As an adherend, a center pillar of an automobile was prepared by pressing a steel plate and painting an outer panel. The upper end of the pillar and the upper end of the adjacent glass window are set to the same height, the width of the upper end of the pillar is 57 mm, the width of the lower end is 77 mm, the height between them is 450 mm, and both ends in the width direction are steel plates. It is folded back to form a straight line with a thickness of about 2 mm. When looking at the cross section cut by a plane extending in the horizontal direction, both ends of the pillar are formed in a semicircle with a radius of about 1 mm, and the space between the two ends is a substantially flat surface. When the cross section of the center pillar cut in a plane extending in the left-right direction of the car is seen, it is an arc with a radius of 620 mm in the direction of projecting to the outside of the car. The sheet-like member was cut so that the length of the sheet was the length corresponding to the pillar and the width was extended by 1.5 mm from the left and right sides of the pillar width. A metal lower die and an upper die having a cross section like the molds 85 and 86 shown in FIG. 9A and a length of 500 mm were prepared and fixed to the lower and upper board surfaces of the press machine, respectively. The angle of the upper mold blade is about 20 °, and the cross section of the cutting edge is an arc with a radius of about 1 mm. The indentation of the lower mold has a slightly wider angle and a larger arc than the upper mold. With a heater attached to the upper mold and heated to a measured temperature of 150 ° C, place the sheet at a position where the upper mold hits the line about 2.5 mm inside from the lateral end of the sheet, close the upper and lower molds, and hold for 10 seconds. Then I opened the mold.

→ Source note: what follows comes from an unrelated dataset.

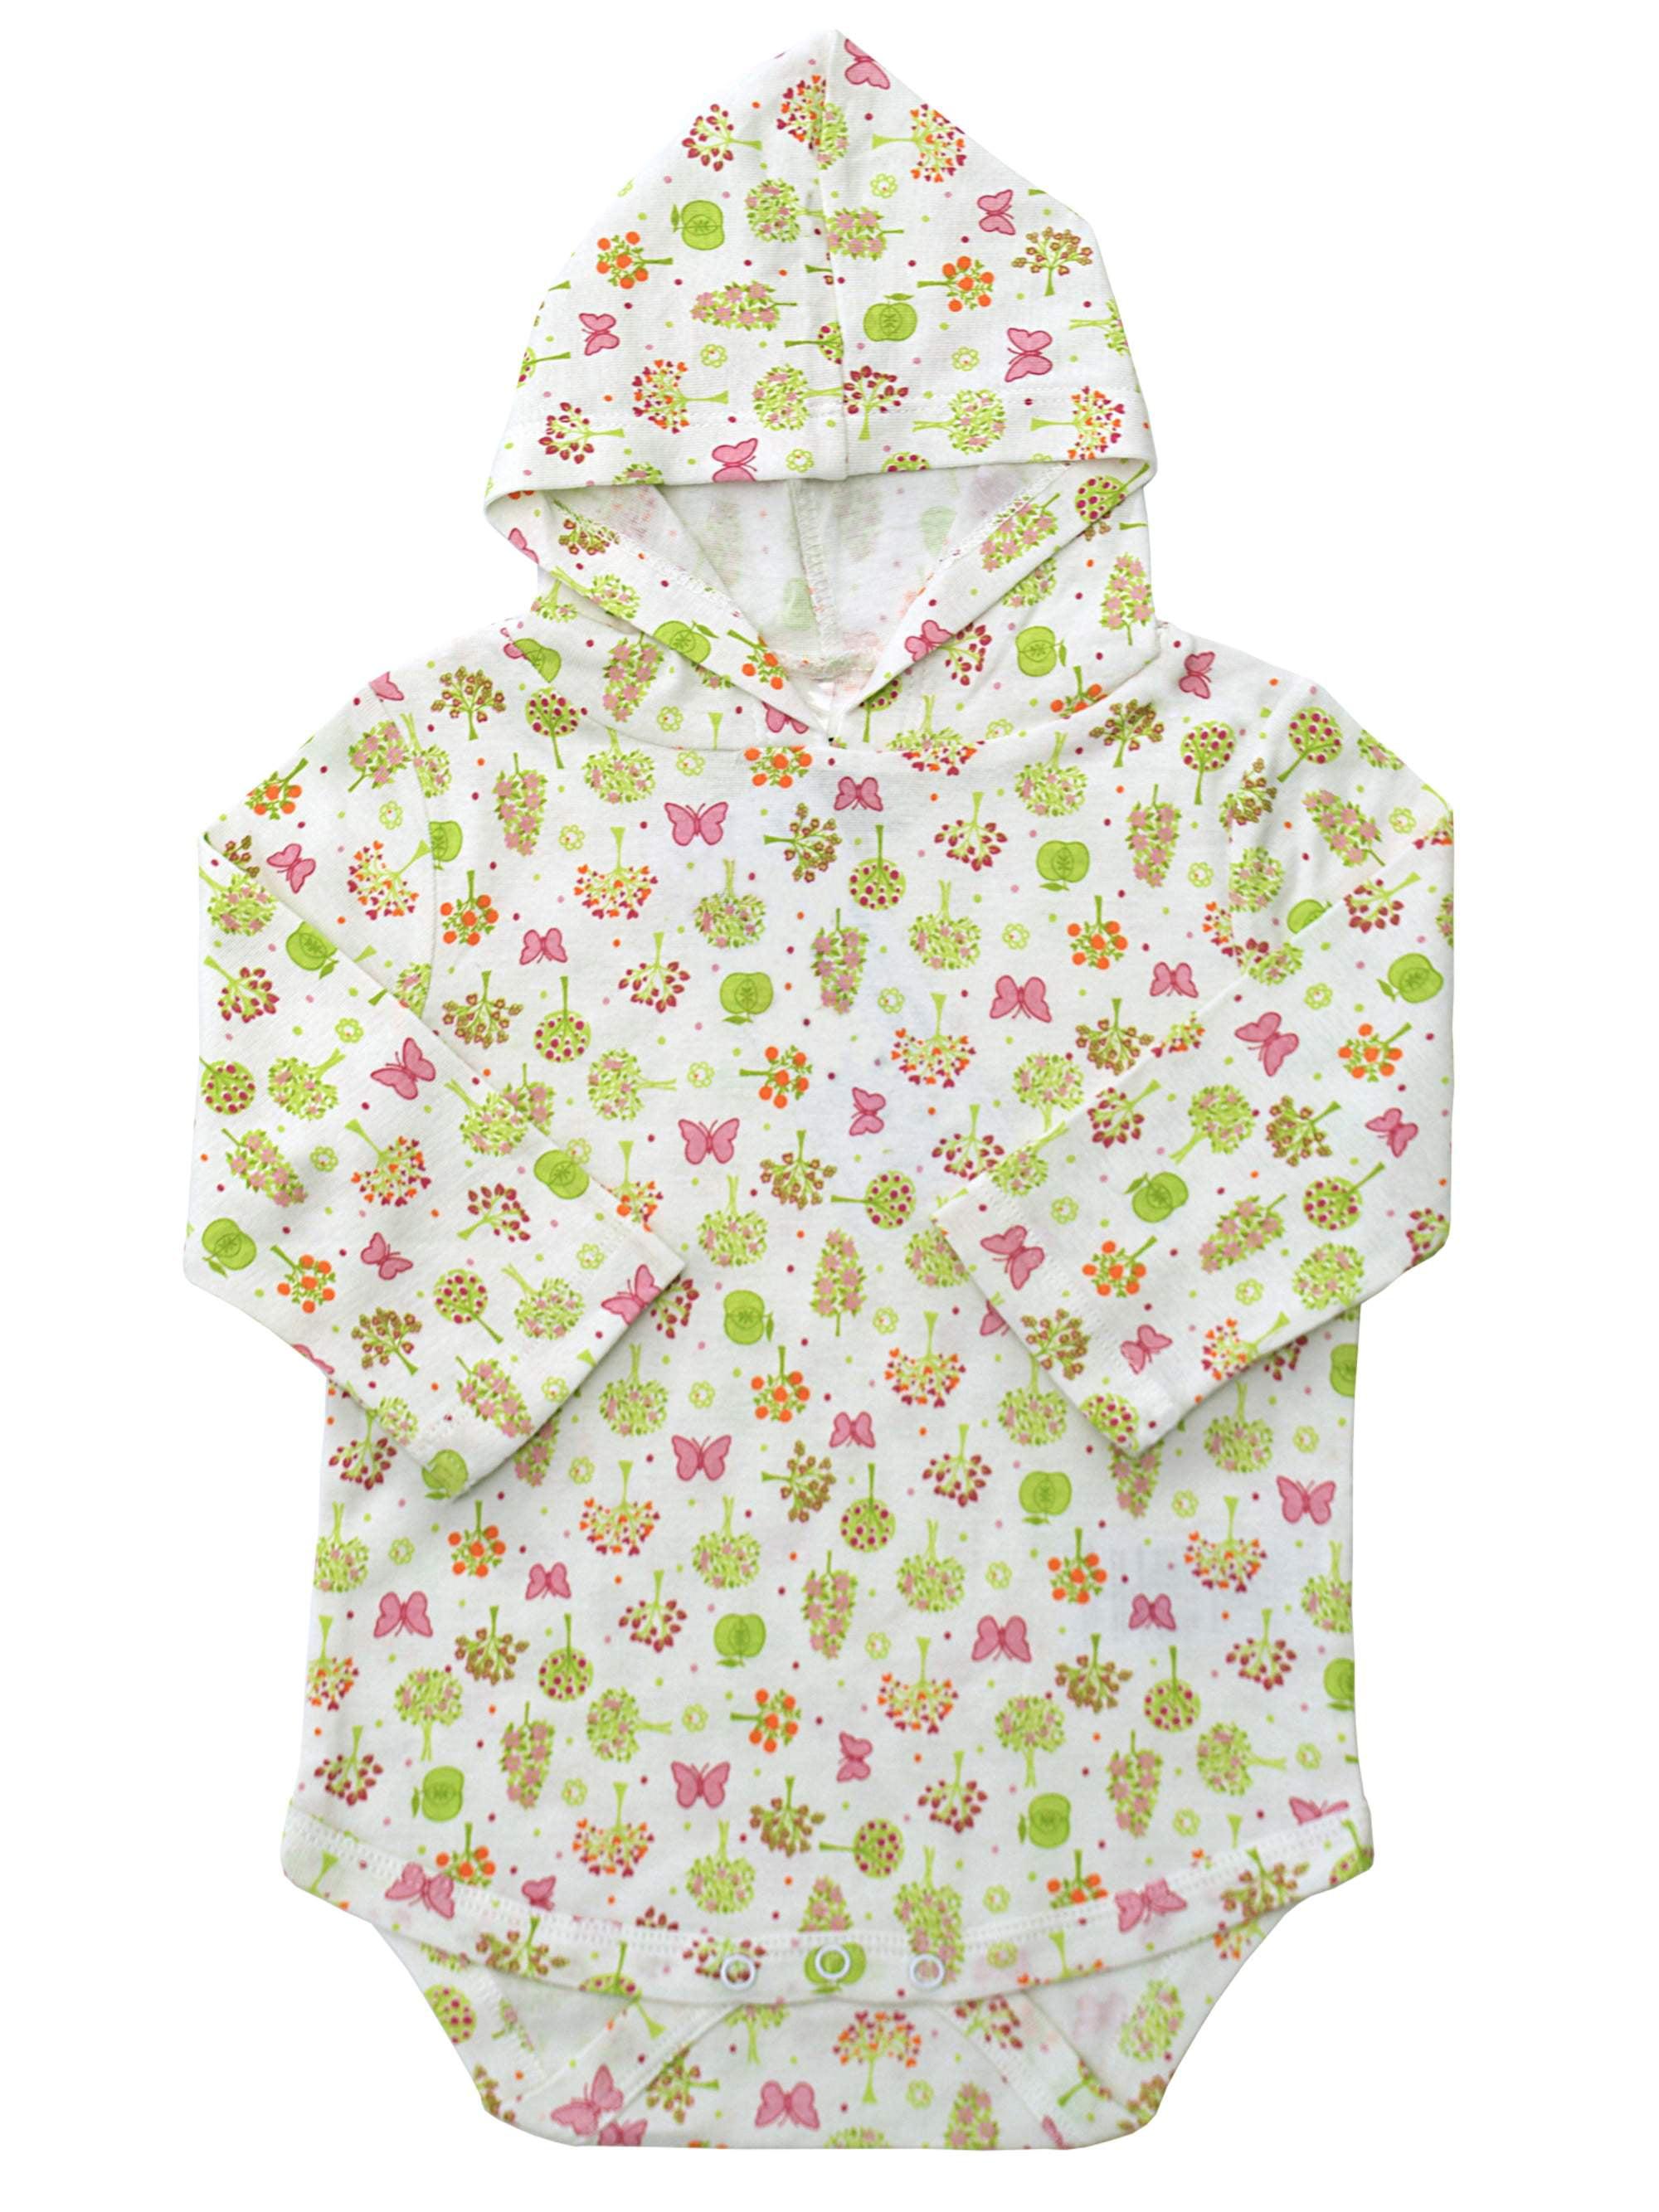 KidzStuff Long Sleeve Sun Protection Baby Bodysuit w/ Hood (Baby Girls)
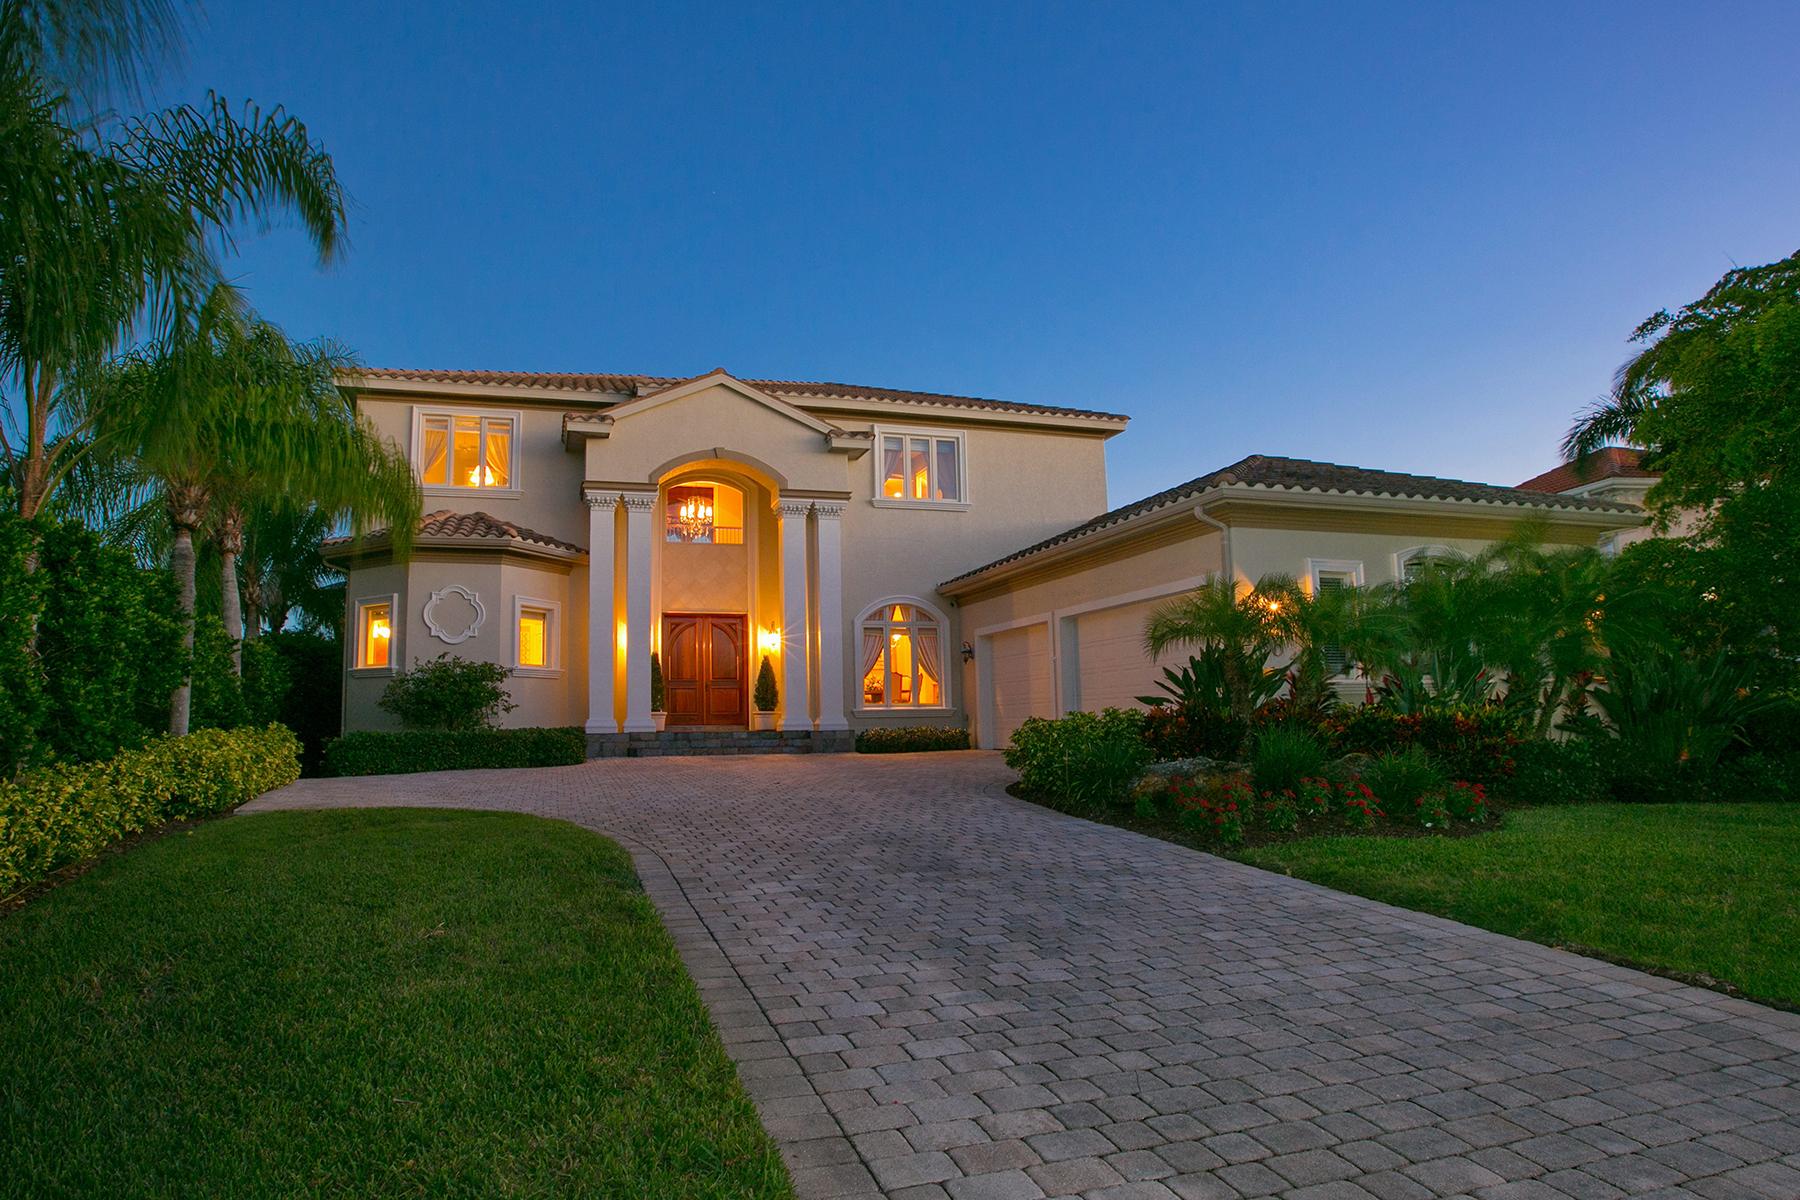 Casa Unifamiliar por un Venta en CORAL COVE 1604 Caribbean Dr Sarasota, Florida 34231 Estados Unidos

The opposite end was processed in the same way. In the processed sheet, all layers were bent at both ends in the lateral direction to about 90 °, the height was about 2 mm in the inner dimension, and the inner surface of the bent line was an arc with a radius of about 1 mm when viewed in cross section. .. It was confirmed that even if the peeling liner was peeled off and the lower end was held and kept horizontal, it had the independence to maintain its shape without hanging. The upper end of the article was aligned with the upper end of the pillar portion and crimped with a squeegee from the front side. When the articles were crimped in order with the squeegee facing downward, the articles bent along the curvature in the vertical direction of the pillar surface, and the shape was maintained and fixed by the adhesiveness of the adhesive layer. It could be easily pasted without shifting the position in the direction. Both ends of the pillar were covered with bent portions at both ends of the attached sheet so as to match the curvature, and when the PET film on the surface was peeled off, a beautiful appearance of high gloss black was obtained with the same surface shape as the pillar shape. It is a little less than 0.6 mm thicker than the pillar surface, but the difference in height was almost indistinguishable from the appearance. It was found that the surrounding scenery reflected on the surface was clear and the surface smoothness was high. Even when viewed in direct sunlight, it looked clear and transparent black. The weight of the sheet excluding the liner and PET film was 24 g.

(Example 2)
By changing the liner of Example 1, the article according to Example 2 was prepared. In the liner of Example 2, 0.045 mm thick polyethylene was laminated on both sides of a 0.05 mm thick PET film via an adhesive layer, a silicon stripping agent was applied to one side thereof, and further heat embossing was performed to a depth of about 6 μm. It is a liner with irregularities with a period of about 300 μm in length and width. In Example 2, a sample was prepared by setting the mold temperature of the bending process to 120 ° C. and the holding time to 20 seconds. In Example 2, as in Example 1, both ends were bent at about 90 ° to obtain a sample having excellent stickability and surface smoothness.

(Example 3)
In the article according to Example 3, the thickness of the pressure-sensitive adhesive layer of Example 1 is 0.03 mm, the length of the right end to be cut is widened by 5 mm, and the product is folded back by 180 °. In Example 3, the same steps as in Example 1 were performed up to the bending of the left end portion. When bending the right end portion, the upper mold is placed on a line about 7 mm inside from the lateral end portion of the sheet with the mold 91 side of the molds 90 and 91 having a cross section of FIG. 8B heated to 165 ° C. The sheet was placed in a position where it could hit, the upper and lower molds were closed, held for 10 seconds, and then the mold was opened. A sample was obtained in which the first processed left end was bent to about 90 ° and the second processed right end to about 180 °.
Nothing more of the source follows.